Closed liufuyan2016 closed 4 years ago

liufuyan2016 commented 4 years ago

Dear professor, How to draw multiple pairs Ks plot after KDE Fit? The wgd kde only accepted one file. Thank you !

arzwa commented 4 years ago

I'm flattered, but not a professor ;) It seems I didn't implement that feature in the wgd kde command, but you can do that with the interactive plot utilities in wgd viz. From a terminal run a bokeh server instance and use wgd viz as follows (but replace with the correct filepaths of course)

bokeh serve &  
wgd viz -i -ks ath-ptr.ks.tsv,ptr.ks.tsv -l "Arabidopsis - Populus,Populus"

This shoud open up a browser where you can manipulate the plots, among others showing multiple KDEs. It should look somewhat like this:

Screenshot from 2020-02-16 16-32-07

liufuyan2016 commented 4 years ago

I run in the center OS systerm. There is some command to save the picture not interactive. I use the command and an error is occured :

 warnings.warn(_LEGEND_EMPTY_WARNING % attr)
BokehDeprecationWarning: 'legend' keyword is deprecated, use explicit 'legend_label', 'legend_field', or 'legend_group' keywords instead
BokehDeprecationWarning: 'legend' keyword is deprecated, use explicit 'legend_label', 'legend_field', or 'legend_group' keywords instead
2020-02-22 11:45:23,762 WebSocket connection opened
2020-02-22 11:45:23,763 ServerConnection created
BokehDeprecationWarning: ClientSession.loop_until_closed is deprecated, and will be removed in an eventual 2.0 release. Run Bokeh applications directly on a Bokeh server instead. See:

    https//docs.bokeh.org/en/latest/docs/user_guide/server.html
arzwa commented 4 years ago

This is the output of what command? I don't see an error, just warnings, so I don't think there are problems here. Again, to run the bokeh visualization module you should do the following:

  1. Run bokeh serve & This will start a Bokeh server in the background. This might print some things to the terminal (like the above warnings I think). In that case just hit <ENTER> to get back to the terminal.
  2. With the Bokeh server running. execute the wgd viz -i command with appropriate arguments. (see my example above)

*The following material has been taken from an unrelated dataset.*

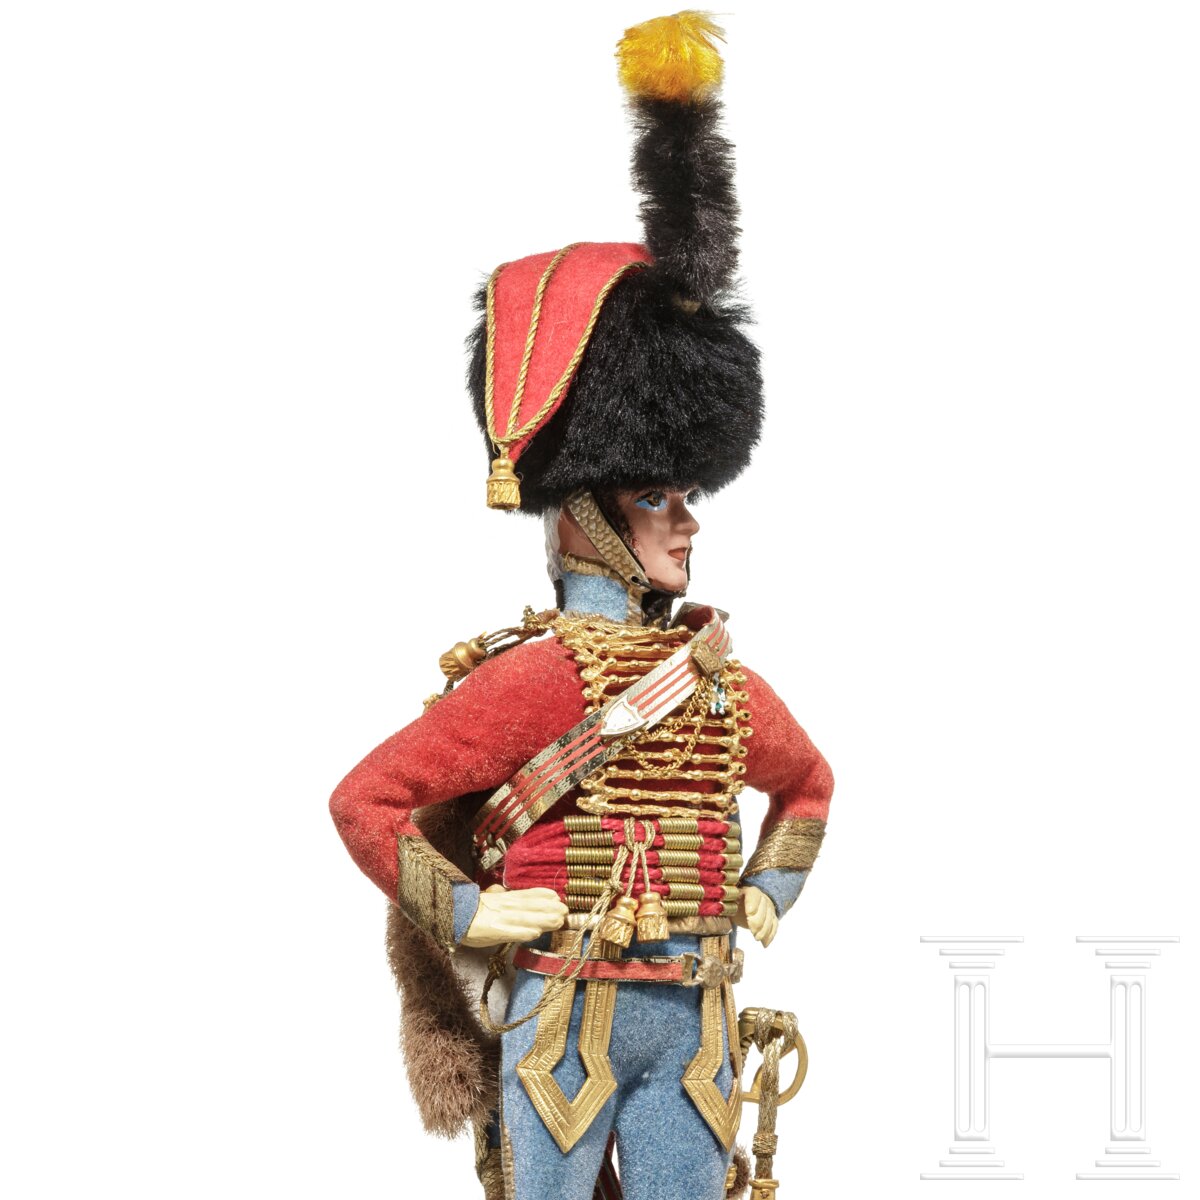 Offizier der Husaren um 1810 - Uniformfigur von Marcel Riffet, 20. Jhdt. - Image 7 of 7

Note that if you have some Python or R skills, you can always try loading the Ks distributions in R or Python and plot them yourself.

liufuyan2016 commented 4 years ago

Thanks you quickly apply~ I plant to use R. How to output the fitting data used for plot in wgd kde package?

arzwa commented 4 years ago

I'm not an R user, but you can fit a KDE to a Ks distribution as follows (see also #24 ):

# read in data
df = read.csv("your_distribution.tsv", sep="\t")

# filter Ks distribution (0.001 < Ks < 5) 
lower_bound = 0.001
upper_bound = 5
df = df[df$Ks < upper_bound,]
df = df[df$Ks > lower_bound,]

# perform node-averaging (redo when applying other filters)
dff = aggregate(df$Ks, list(df$Family, df$Node), mean)

# reflect the data around the lower Ks bound to account for boundary effects
ks = c(dff$x, -dff$x + lower_bound)

# plot a histogram and KDE on top
hist(ks, prob=TRUE, xlim=c(0, upper_bound), n=50)
lines(density(ks), xlim=c(0, upper_bound))

This should be easy to adapt for multiple Ks dsitributions.